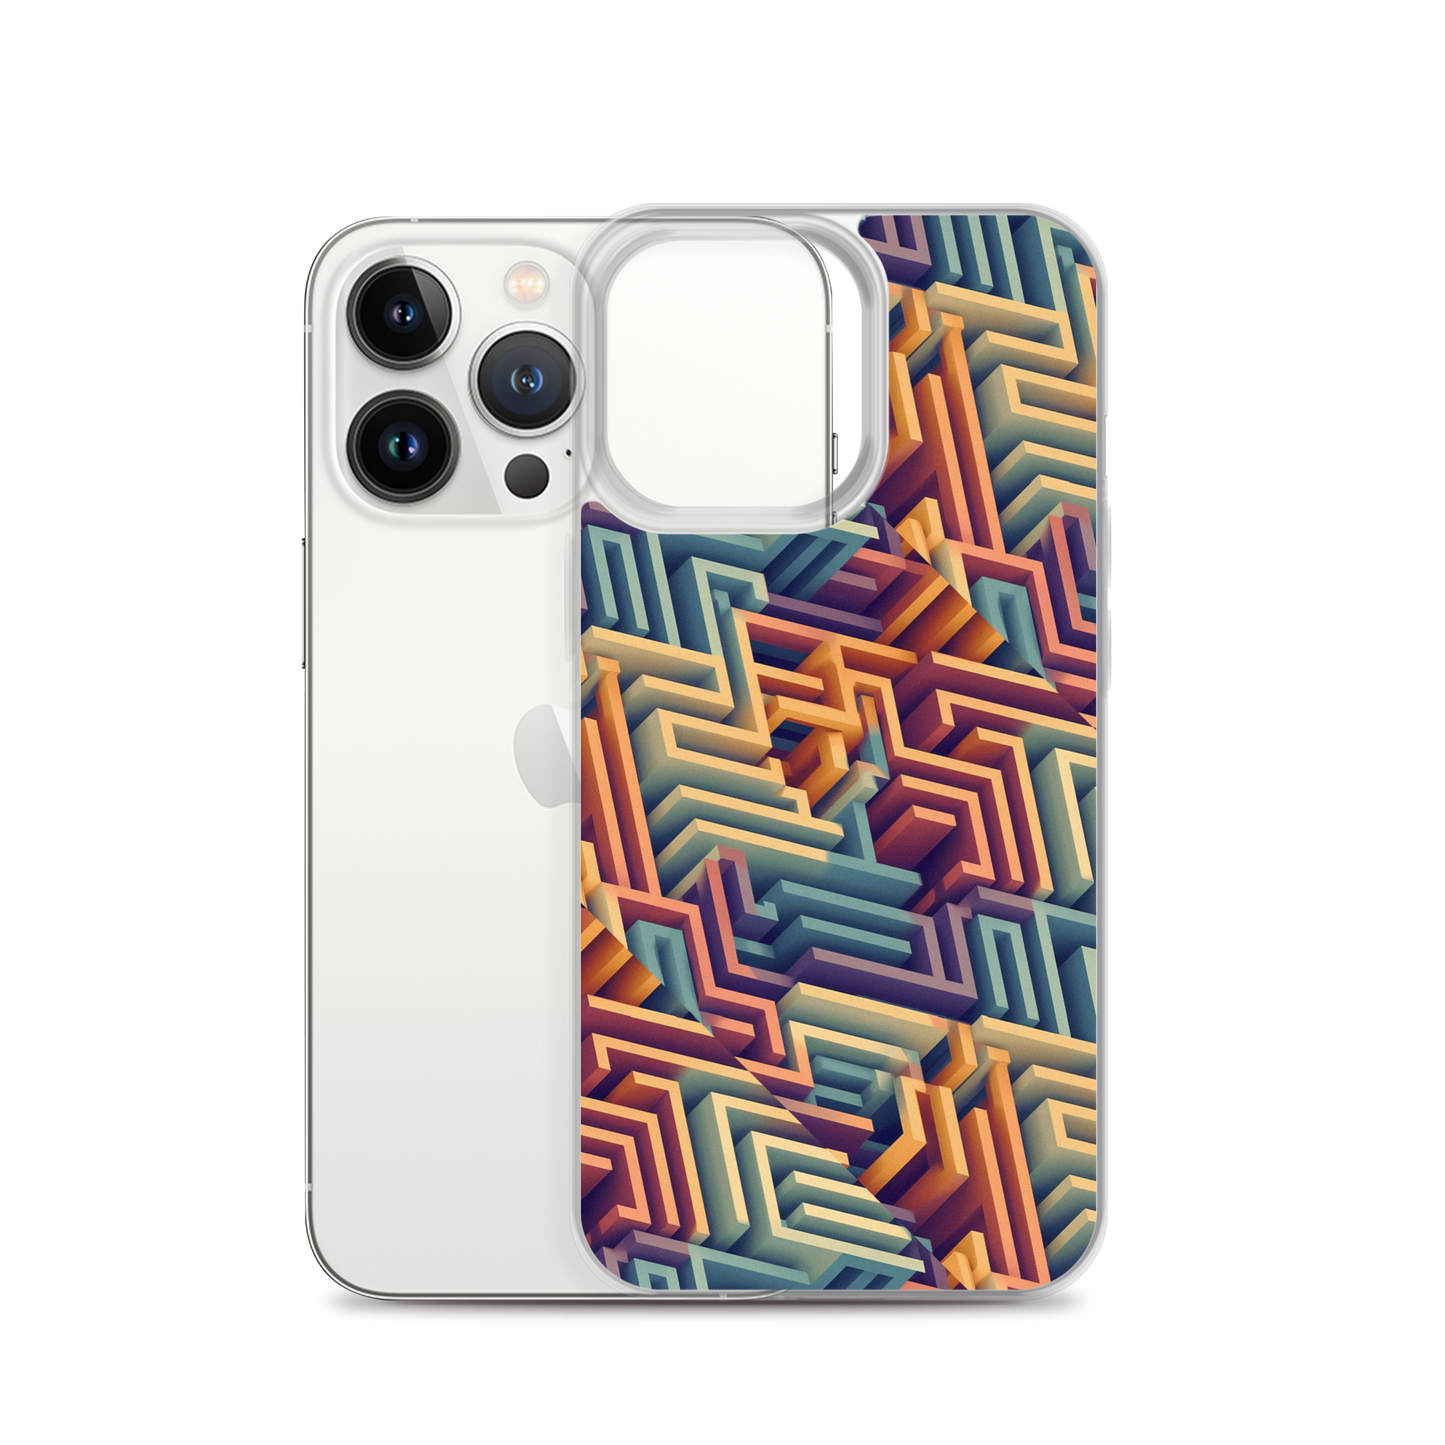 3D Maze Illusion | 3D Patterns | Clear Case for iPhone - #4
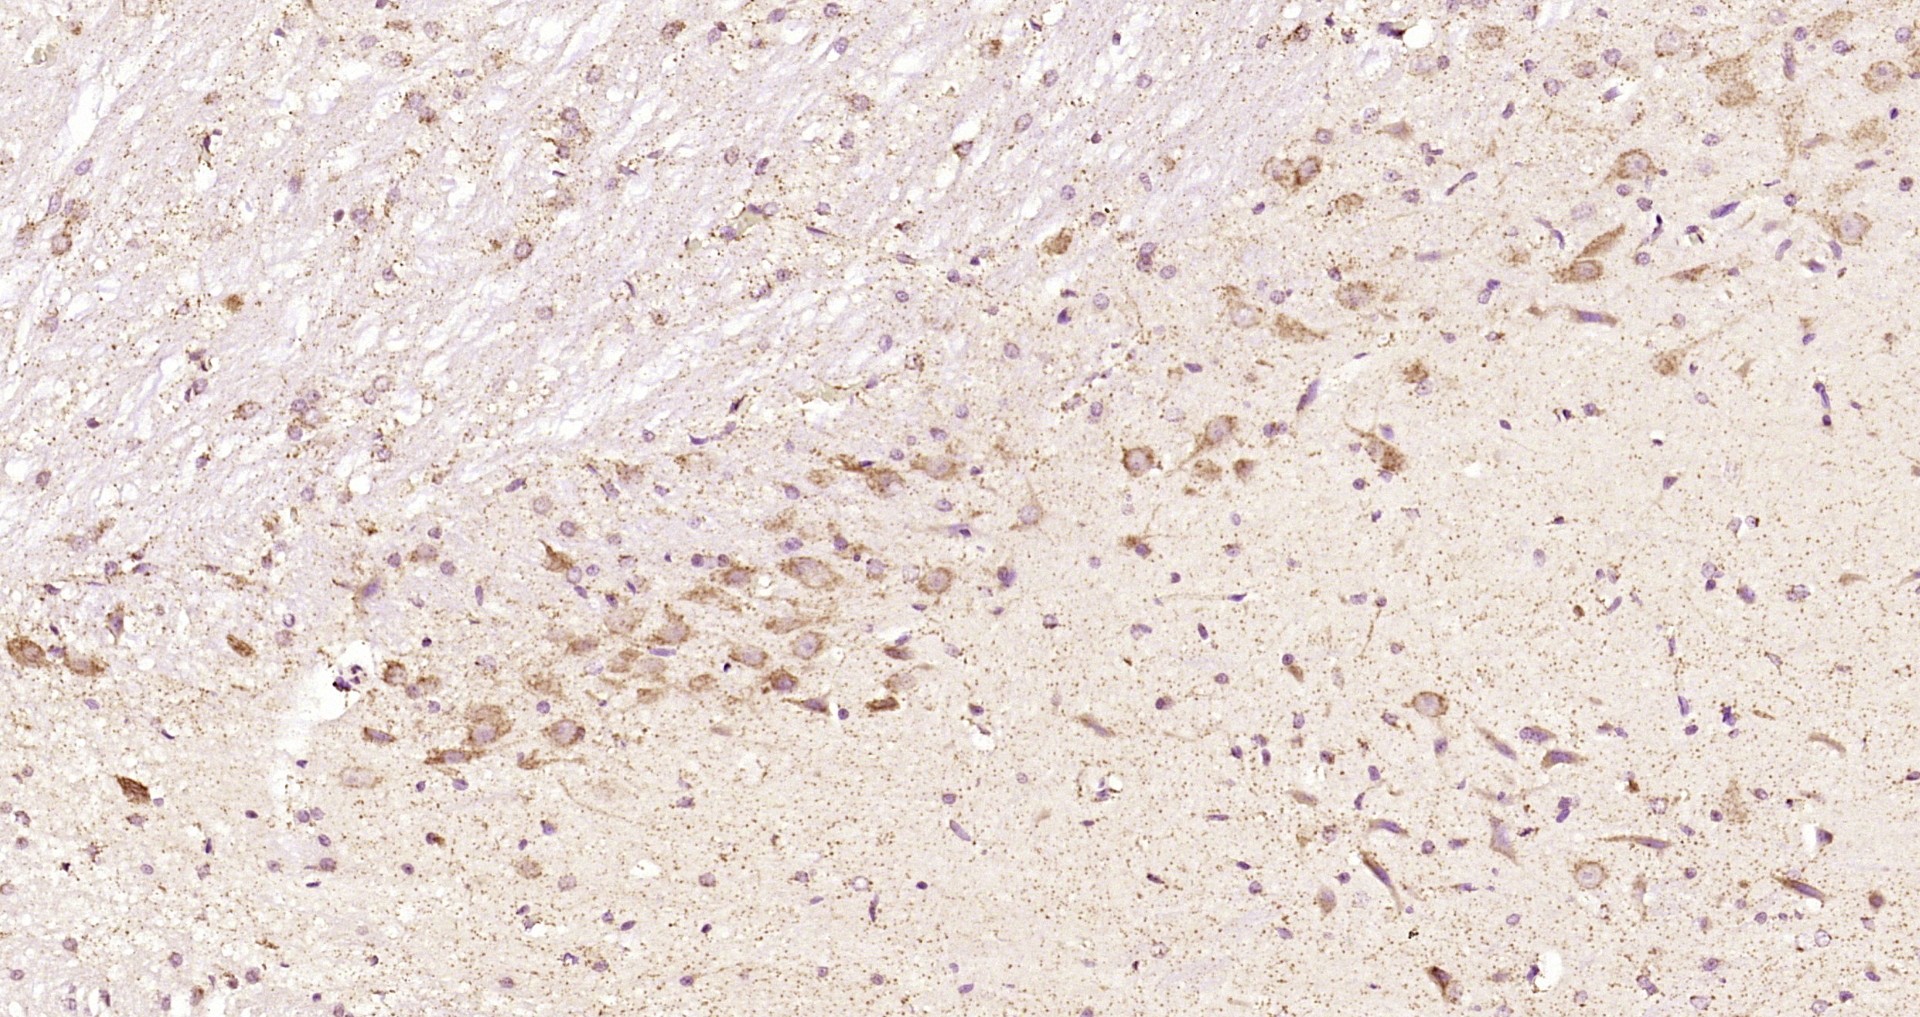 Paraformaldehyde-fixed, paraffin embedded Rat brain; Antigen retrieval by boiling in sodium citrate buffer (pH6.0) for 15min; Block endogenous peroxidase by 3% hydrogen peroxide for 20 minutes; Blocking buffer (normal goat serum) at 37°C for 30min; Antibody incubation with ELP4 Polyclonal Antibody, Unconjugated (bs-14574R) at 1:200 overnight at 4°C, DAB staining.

--

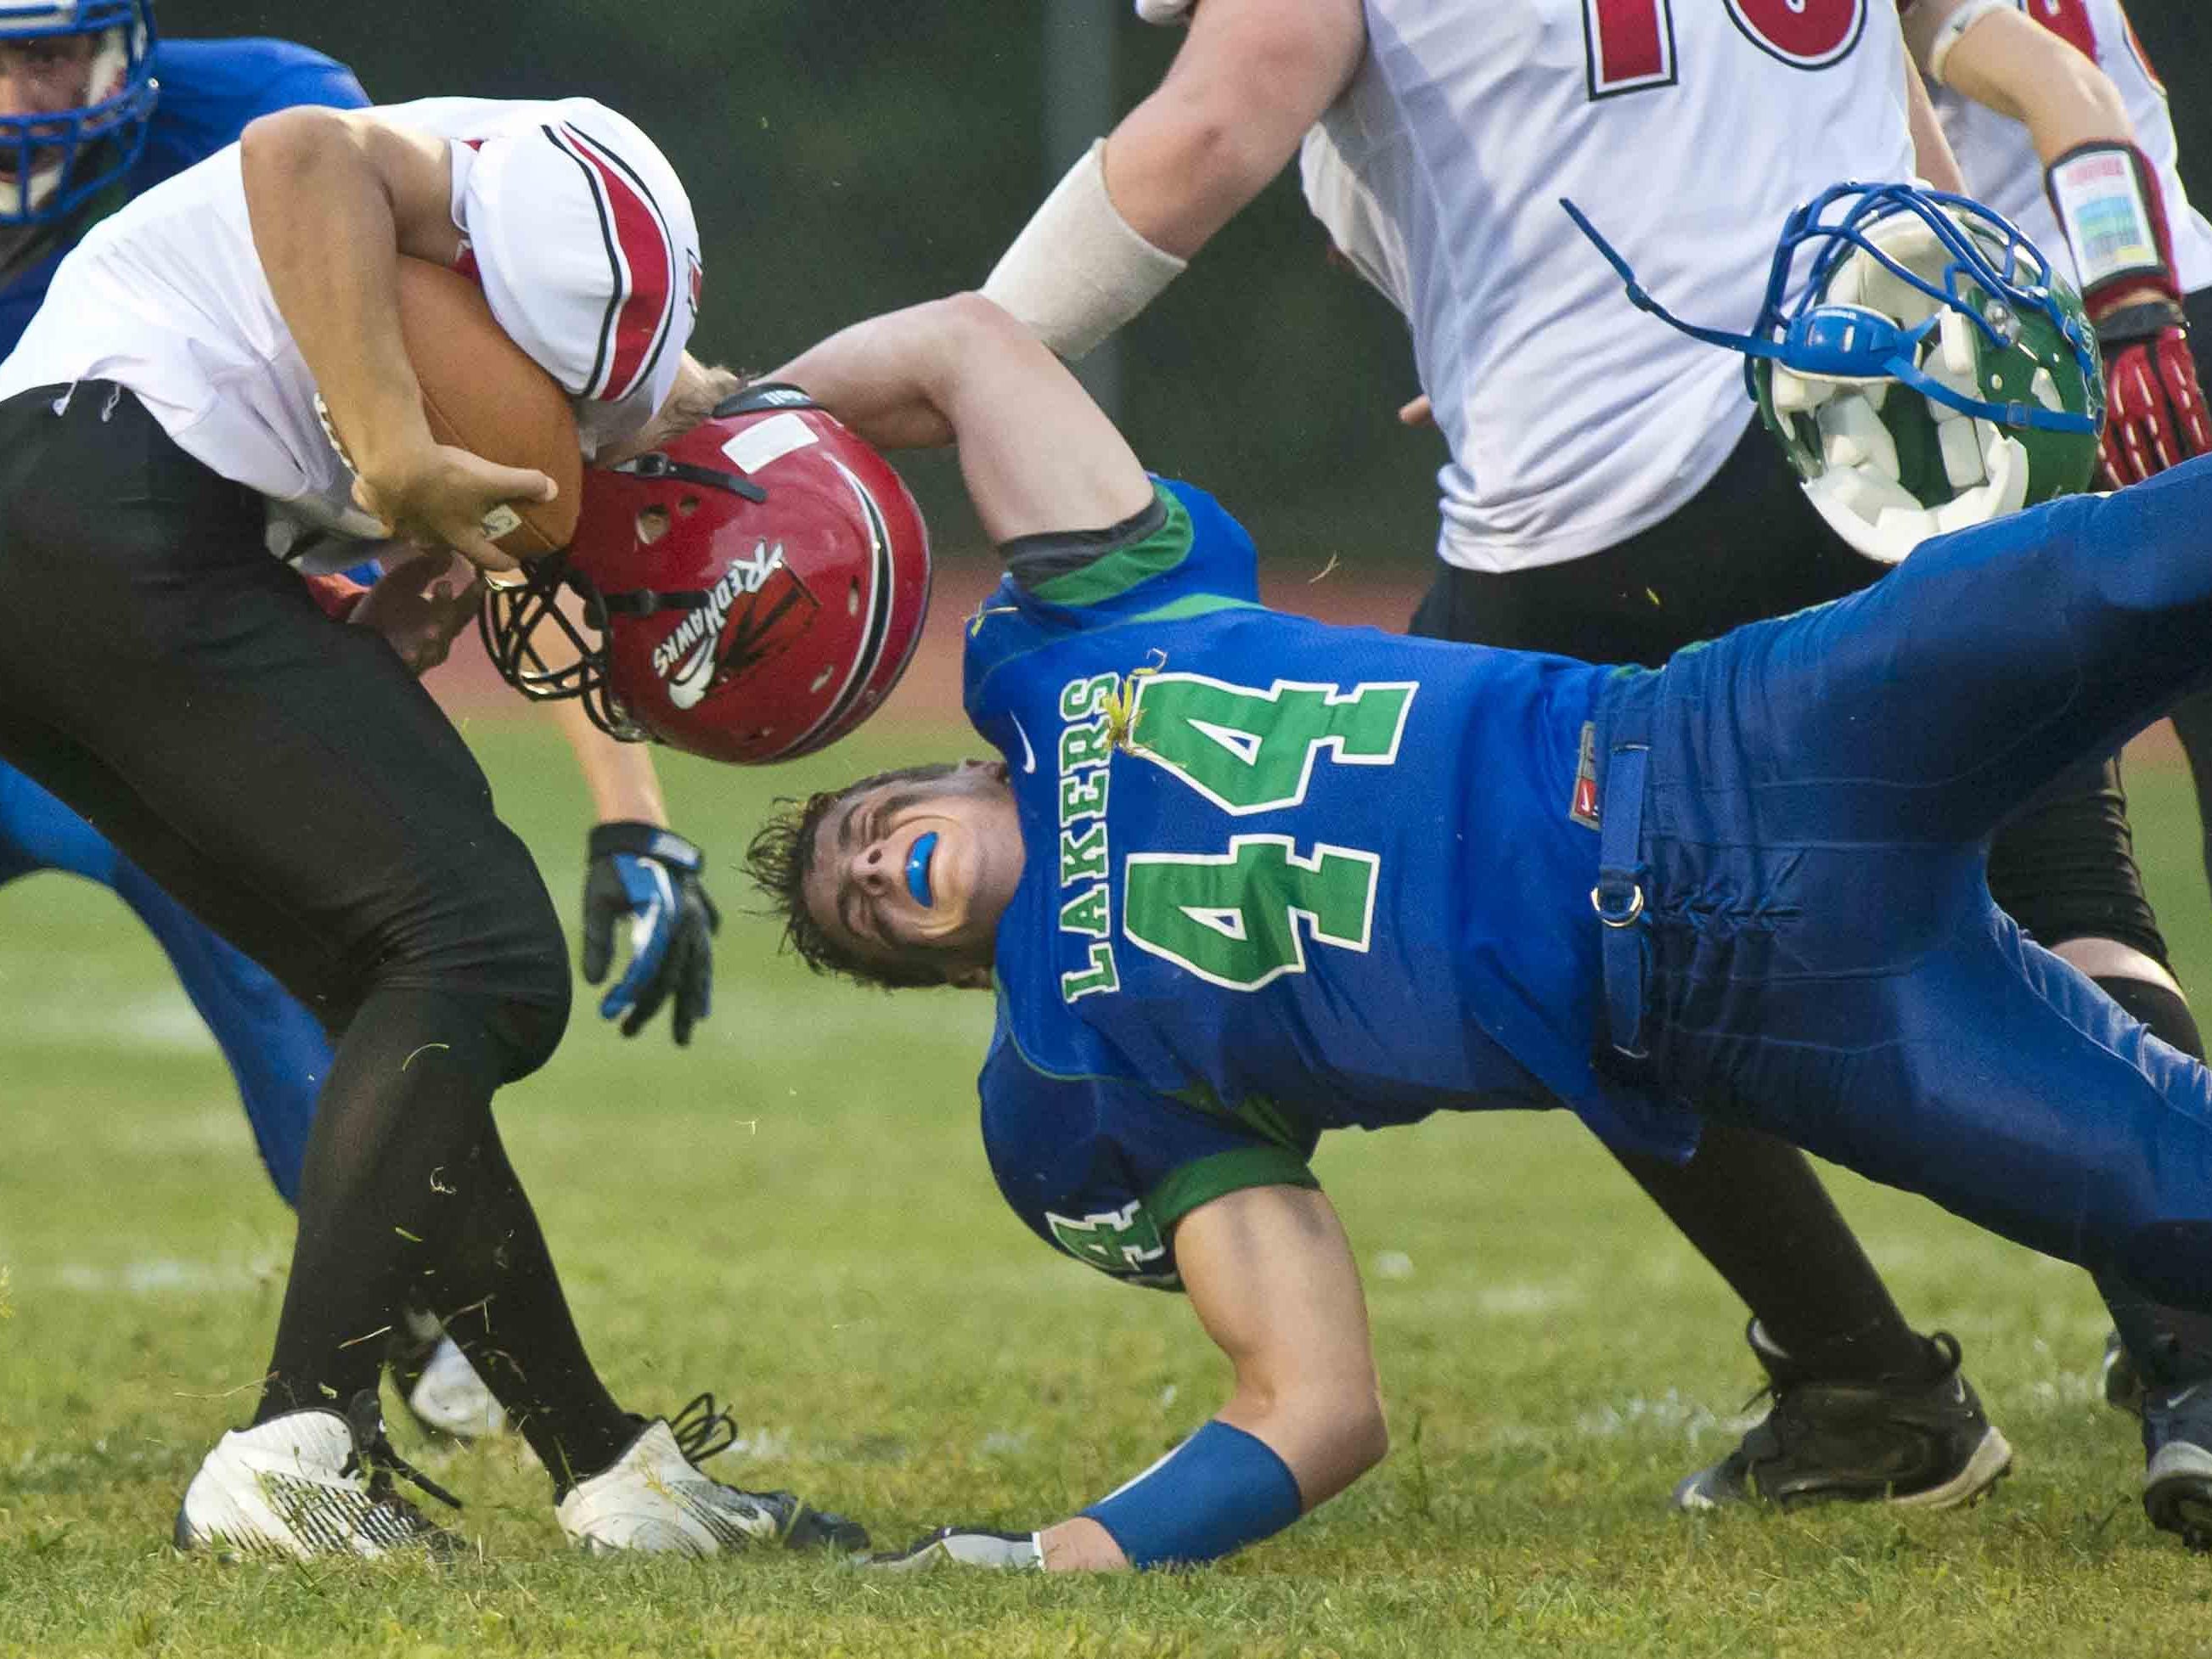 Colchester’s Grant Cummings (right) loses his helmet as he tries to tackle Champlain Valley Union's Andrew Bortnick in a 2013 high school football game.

...

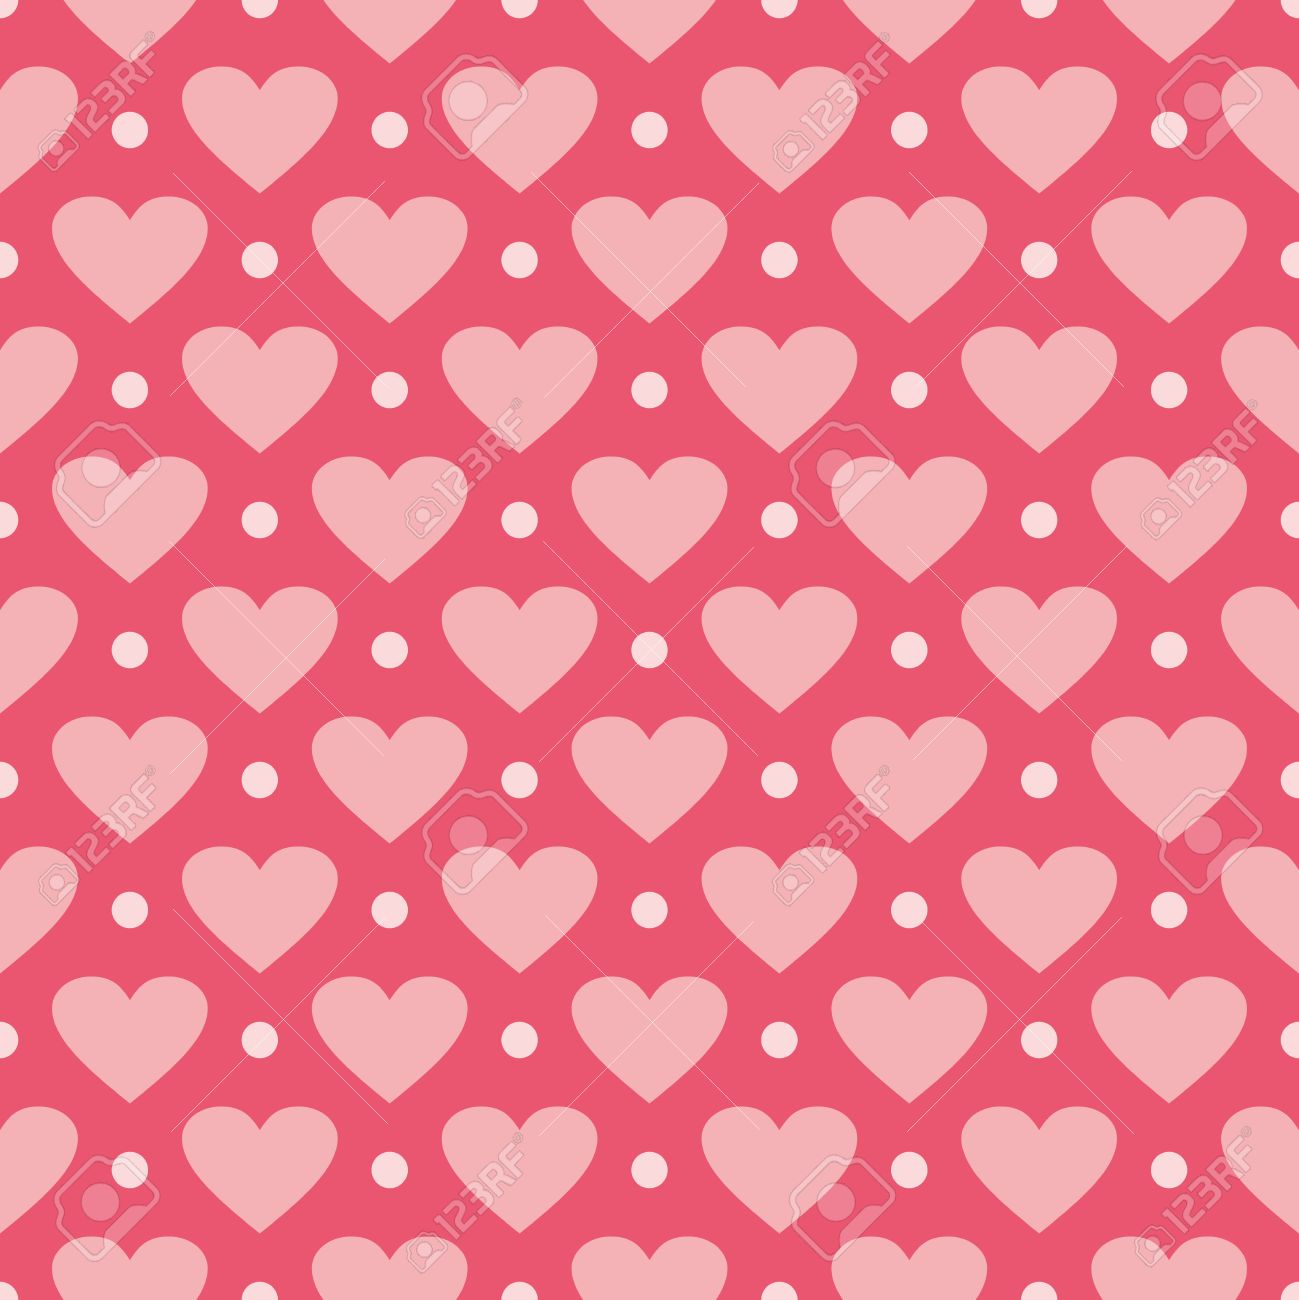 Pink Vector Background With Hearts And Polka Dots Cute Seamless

Task item: Having found the line with "3D Maze Illusion" and the line with "Paraformaldehyde-fixed, paraffin embedded" in the material above, write out exactly those two and every line between, leaving the pictures out.

Your response:
 3D Maze Illusion | 3D Patterns | Clear Case for iPhone - #4
 Paraformaldehyde-fixed, paraffin embedded Rat brain; Antigen retrieval by boiling in sodium citrate buffer (pH6.0) for 15min; Block endogenous peroxidase by 3% hydrogen peroxide for 20 minutes; Blocking buffer (normal goat serum) at 37°C for 30min; Antibody incubation with ELP4 Polyclonal Antibody, Unconjugated (bs-14574R) at 1:200 overnight at 4°C, DAB staining.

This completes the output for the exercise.